*** EXERCISE DATA Section Begins ***
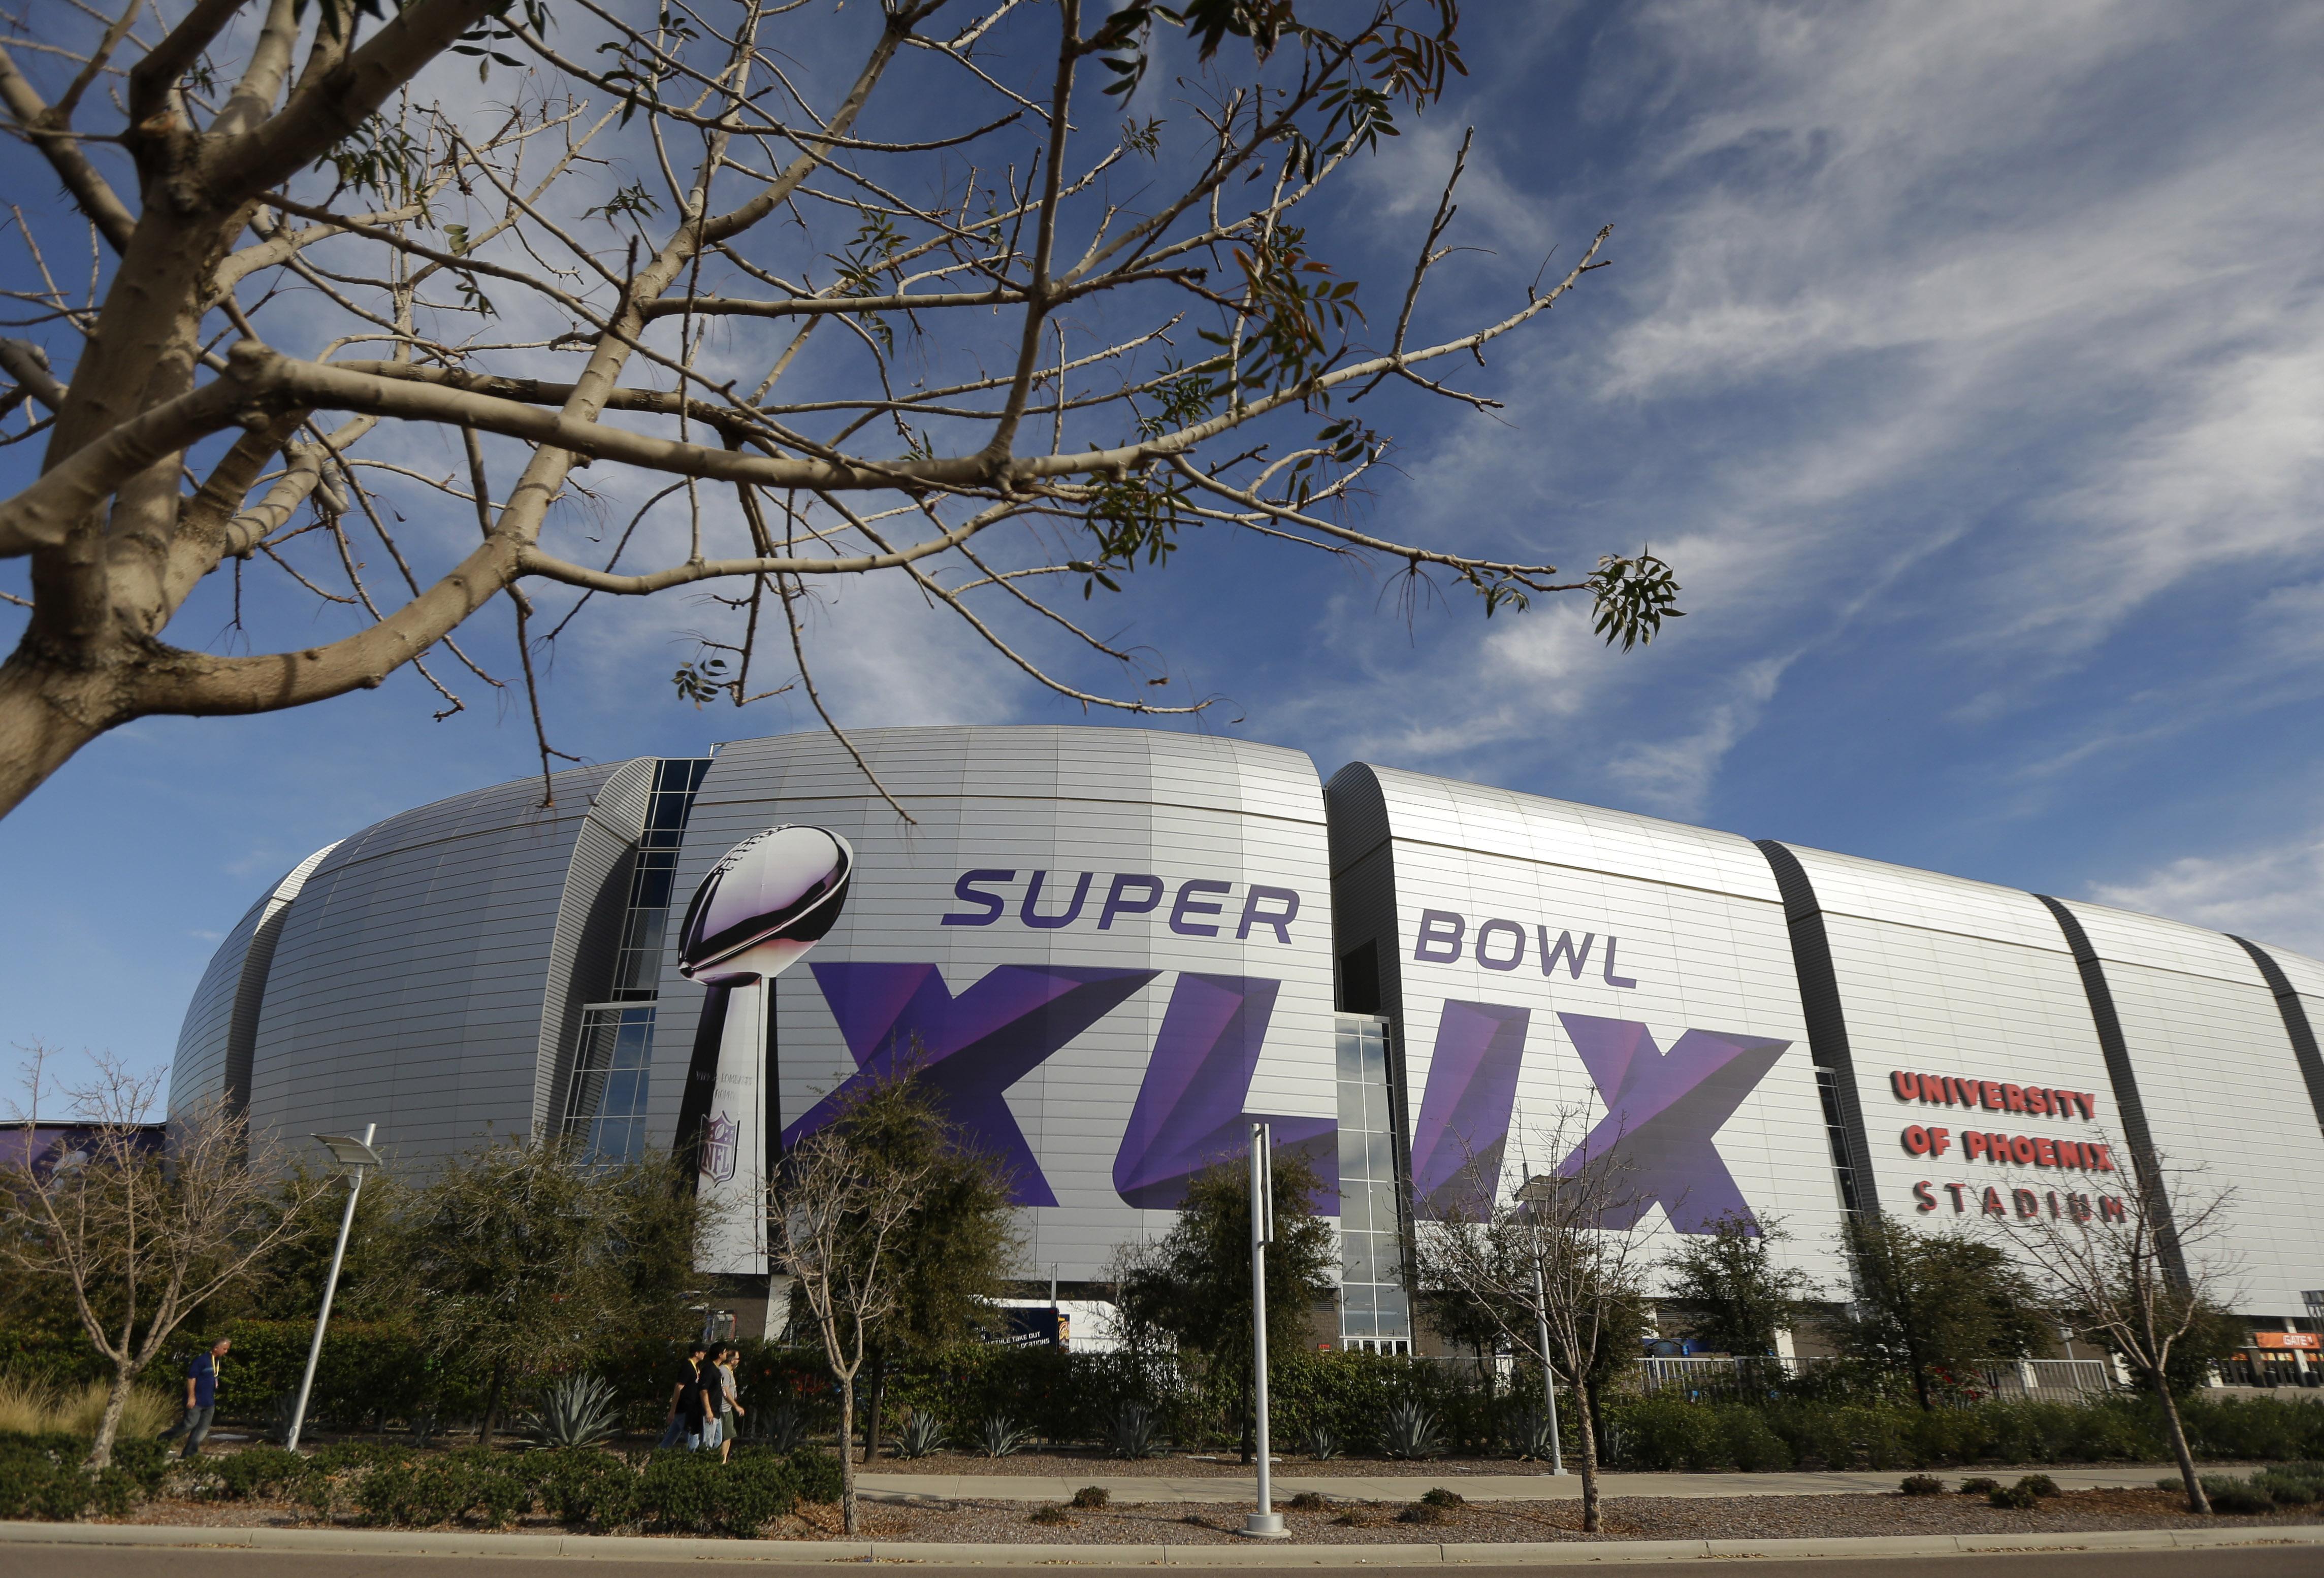 The University of Phoenix Stadium in Glendale, Ariz, where Super Bowl XLIX will take place on Feb. 1, 2015.
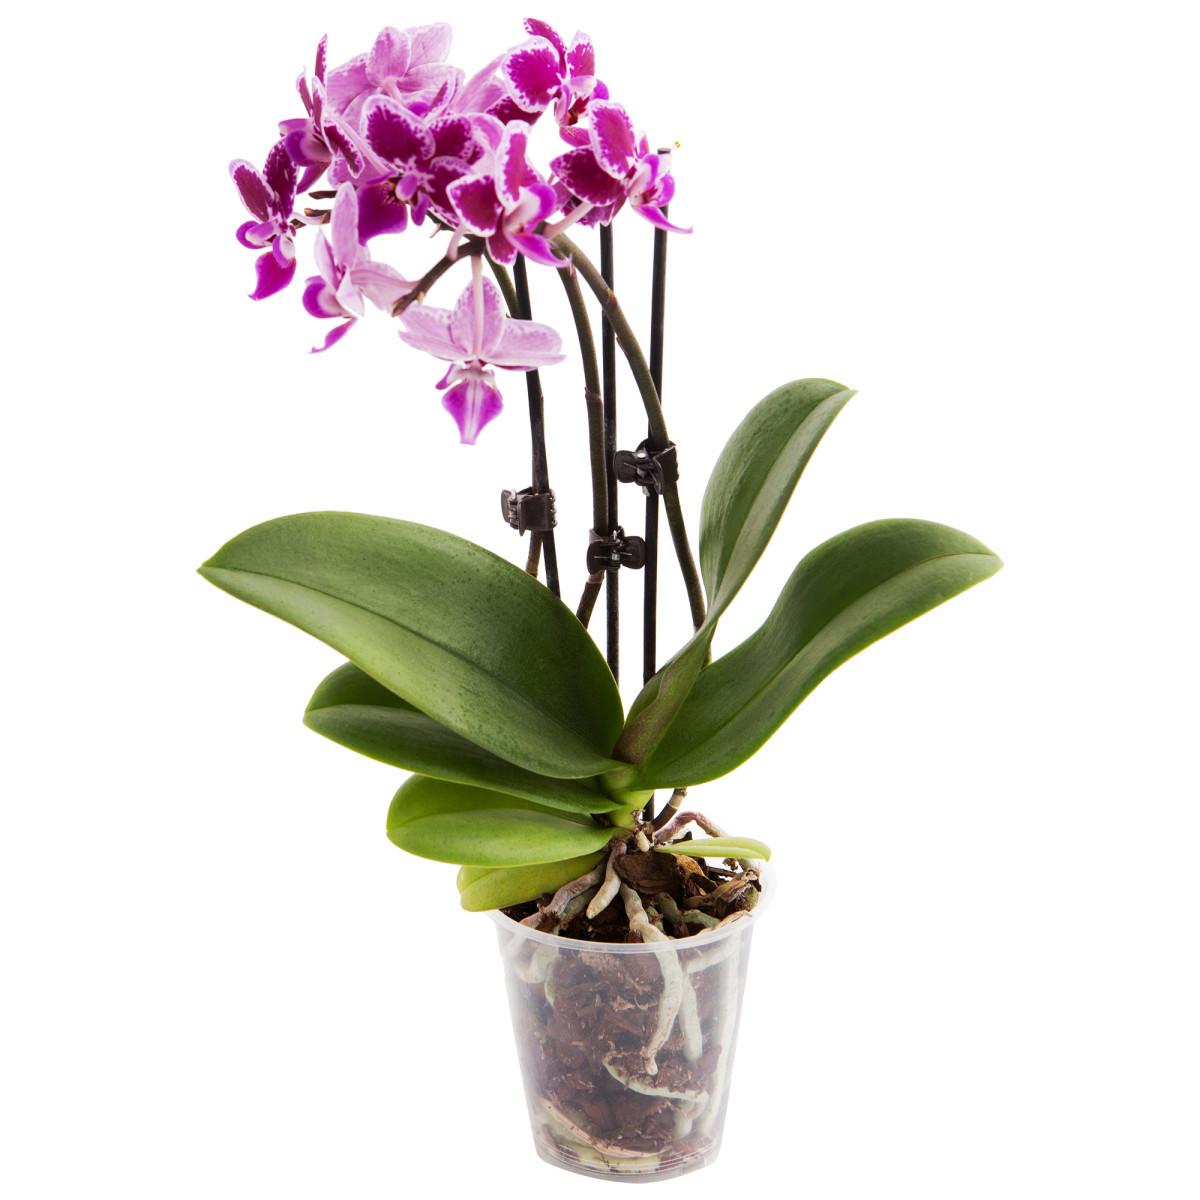 орхидея парфюм тула каталог товаров цены
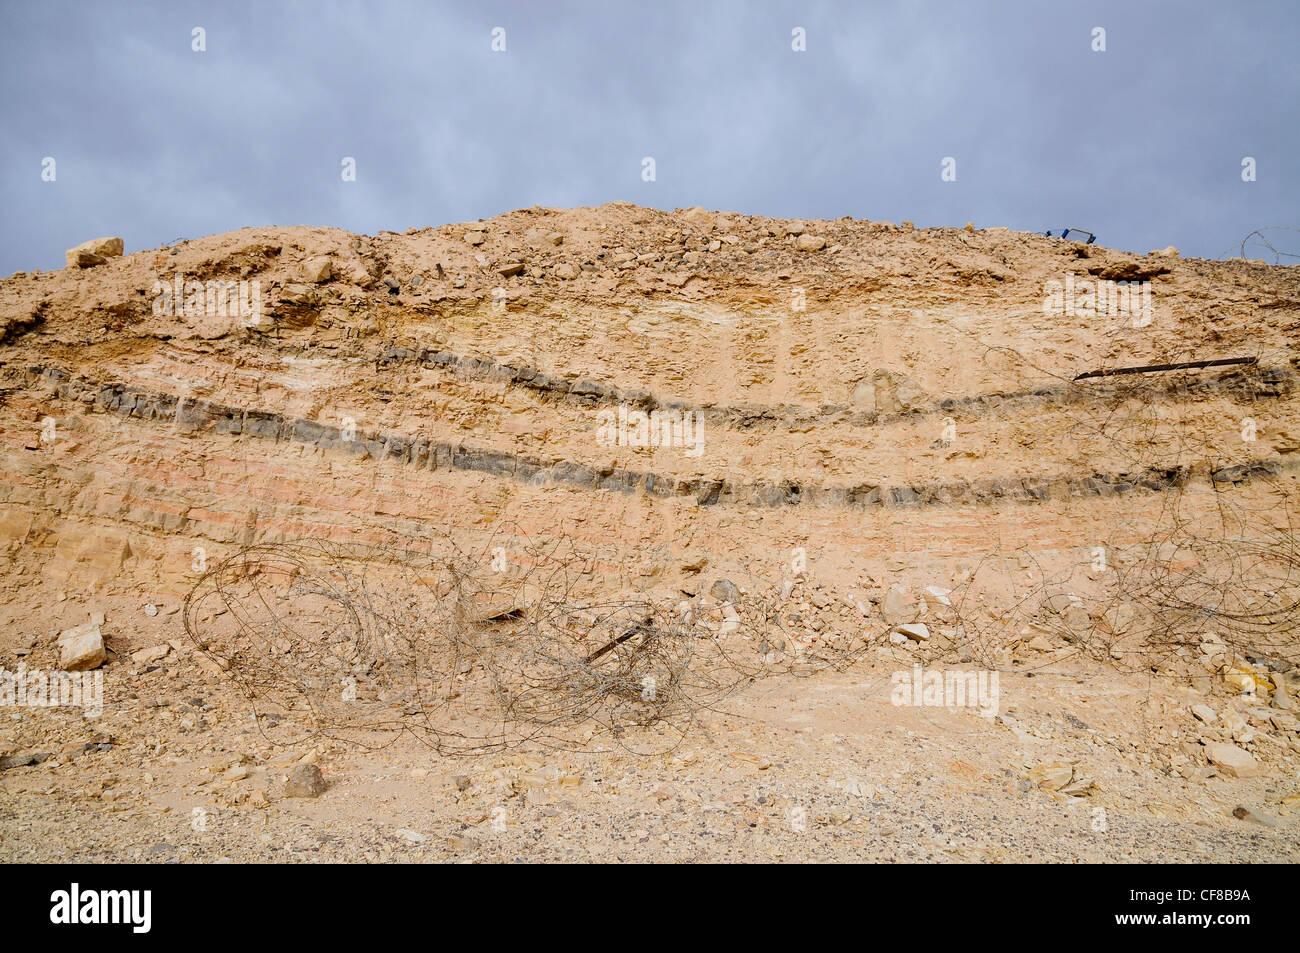 Israel, Arava, Sediment layers on the Graet Rift Valley Stock Photo
*** EXERCISE DATA Section Ends ***
* TASK *
Please produce an exact copy of all the material, leaving out the pictures.

* WRITTEN ANSWER *
 The University of Phoenix Stadium in Glendale, Ariz, where Super Bowl XLIX will take place on Feb. 1, 2015.
 орхидея парфюм тула каталог товаров цены
 Israel, Arava, Sediment layers on the Graet Rift Valley Stock Photo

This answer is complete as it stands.